Орехов обернулся и увидел доктора – тот подошел и, почему-то глядя на высокие ботинки майора, негромко спросил:
– Ты сейчас куда, в общагу?
– Ну да, а куда ж еще, – насторожился Орехов. Что еще за гадость этот друг сообщить хочет?
– На, – подполковник сунул в руку Орехову какую-то бумажку и плоский желтый ключ. – Это от квартиры дружка моего – он в командировке сейчас. И адрес. В офицерской общаге тебе сейчас делать нечего – даже напиться со вкусом не дадут… Только ты там смотри, чтоб это… как в объявлениях пишут: «порядок гарантируем».
– Спасибо, док. – В общежитие Орехову и в самом деле сейчас идти не хотелось.
– Да ладно, – отмахнулся эскулап и напомнил: – Смотри, про порядок не забудь…
…До столицы майор добрался на попутном дежурном грузовике, не то отвозившем белье в прачечную, не то собиравшемся грузиться на продуктовой базе. Потом было метро, откуда до адреса, данного доком, было всего-то три остановки.
Двор был самым обычным: серенькие бетонные многоэтажки, чахленькие кусты и несколько таких же заморышей деревьев, жухлая скучная трава, почти пустая детская площадка с неизменными горками и какими-то облезлыми ракетами. Оживляли картинку разве что цветные пятна припаркованных в самом вольном, чисто российском порядке легковушек всех фасонов, размеров и возрастов.
Орехов сверился с бумажкой и решительно двинулся к одному из домов. Правда, до подъезда дойти майор так и не успел, поскольку откуда-то слева до его слуха донеслось истерически-испуганное: «Помогите!» Орехов на секунду придержал шаг, вполголоса чертыхнулся и, обреченно вздохнув, направился в сторону источника ставшего уже классическим для новой российской действительности призыва.
Картина, представшая перед взором майора, со смехотворной точностью соответствовала его ожиданиям и все той же классике жанра: два небритых брюнета очень даже характерной наружности пытались затолкать в темное нутро какого-то пижонского кроссовера светленькую рыжеволосую девчонку.

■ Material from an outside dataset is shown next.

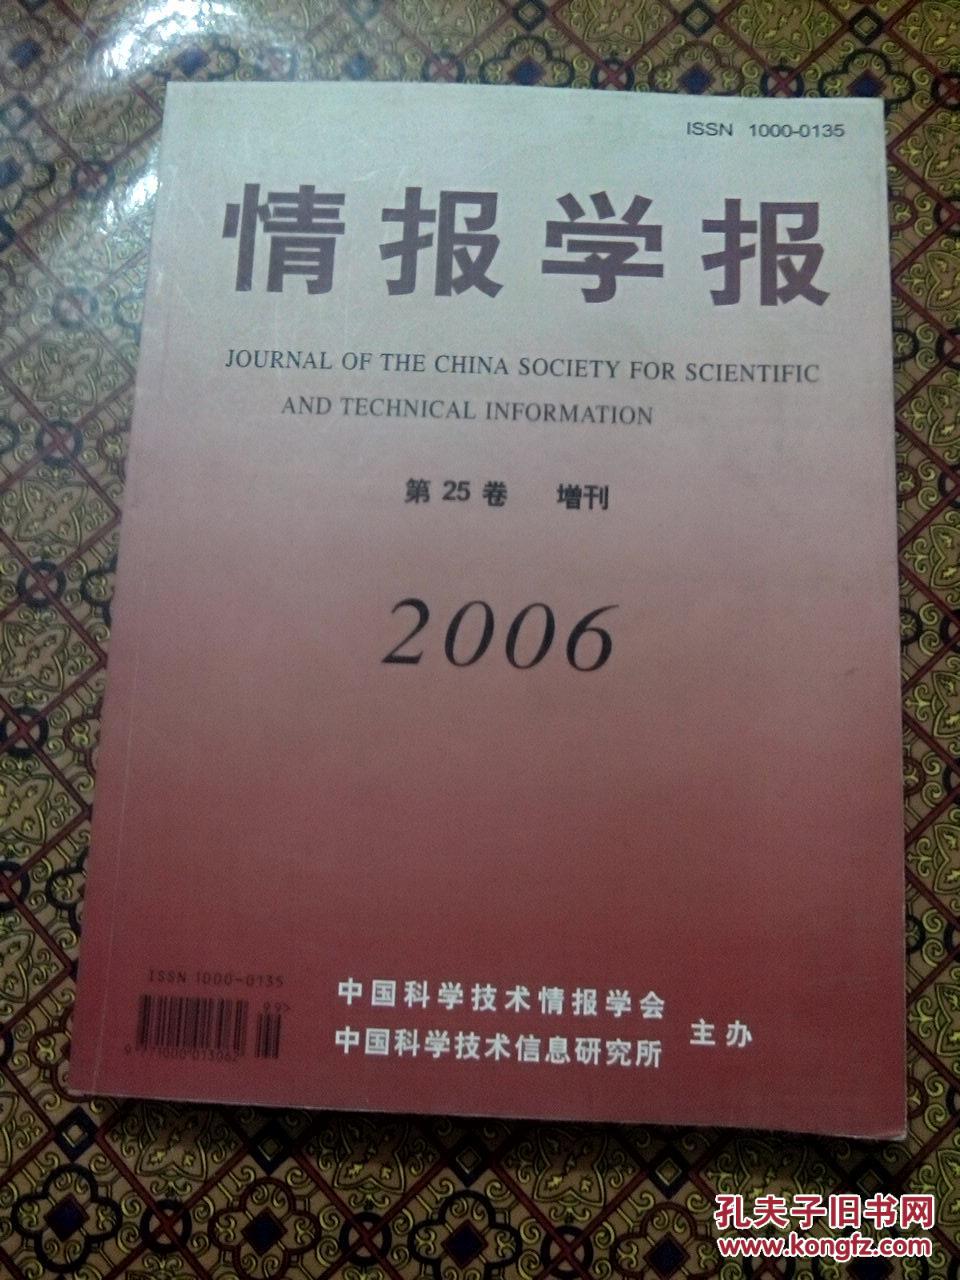 【图】情报学报 第25卷 增刊 2006_价格:36.00

Девчонка, своей раскраской и легкомысленным прикидом вызывавшая стойкие ассоциации с более чем определенной профессией, отбивалась изо всех сил, а жгучие брюнеты, имевшие в этих самых силах несомненный перевес, как раз, похоже, перестали посмеиваться и начинали сердиться уже всерьез. Что девчонке, скорее всего, ничего хорошего в ближайшем будущем не сулило.
«Ну вот тебе и морды…» – к месту вспомнился Орехову недавний разговор с доком.

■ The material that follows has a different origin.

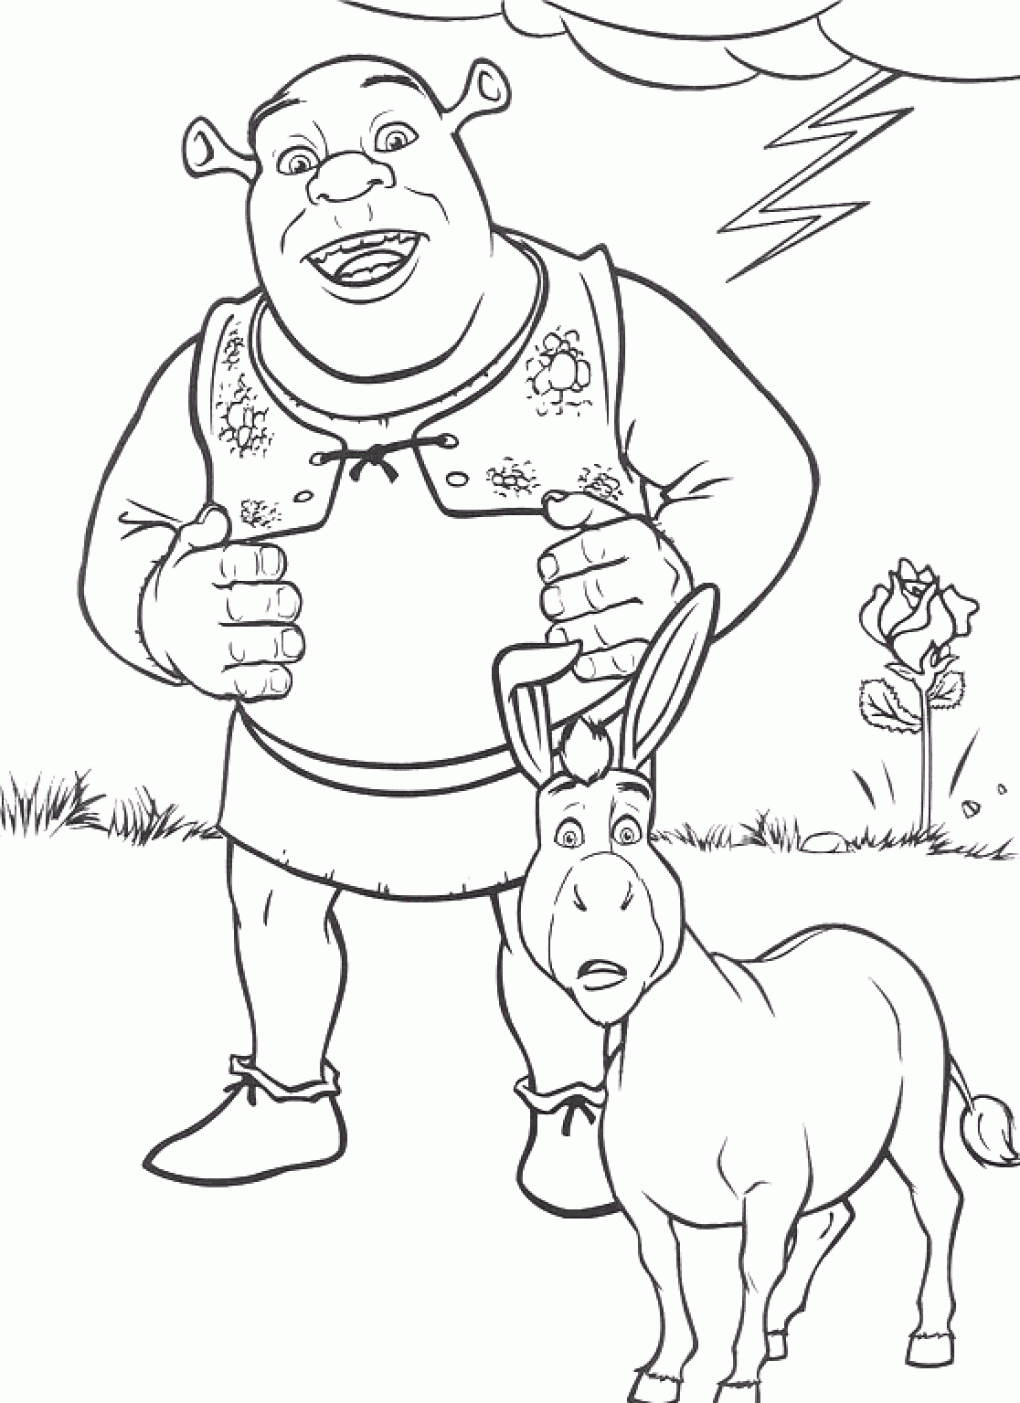 Otro bonito dibujo para colorear de Shrek y el burro

Если бы на месте небритых оказались русские мужики, Орехов, скорее всего, просто прошел бы мимо – если влезать во все дешевые разборки проституток с их клиентами, то никакой жизни не хватит. Но тут было нечто иное, и это меняло дело.
– Девчонку отпусти, уважаемый, – негромко обратился Орехов к тому, что выглядел чуть постарше напарника. – Ты же видишь, она не хочет никуда ехать.
– Пошел ты… – Уточнить адрес брюнет не успел, потому что получил точно рассчитанный и жесткий прямой удар в лицо; тут же присел, рефлекторно прикрывая в кровь разбитые губы и нос смуглыми ладонями и как-то не очень мужественно подвывая.
Второй, обнаруживая похвальную реакцию, тут же отбросил девчонку в сторону и, ощерив красивые белые зубы, принял нечто вроде боевой стойки и даже успел довольно неплохо провести высокий удар ногой, который, однако, цели не достиг. А вот простенький, но весьма действенный выпад Орехова по голени опорной ноги нападавшего попал точно в цель, а после того как брюнет завершил свой изыск на тему большого карате и вновь утвердился на двух ногах, майор без особых затей молниеносно ударил подъемом ступни как раз между этих самых ног. Ударил – и попал. Дальше все было совсем неинтересно и кино вовсе не напоминало. Орехов не стал дожидаться, пока спасенная девица с визгом бросится его обнимать-благодарить, а просто развернулся и пошел прочь, на прощание буркнув поверженным брюнетам нечто на каком-то малопонятном языке.
– Э, э, э! А я?! – Девица, до этого момента с перепуганным лицом жавшаяся в сторонке и завороженно следившая за расправой, вприпрыжку догнала Орехова и нешутейно вцепилась в рукав его легкой курточки. – Вы не можете меня так бросить! Они же меня разорвут…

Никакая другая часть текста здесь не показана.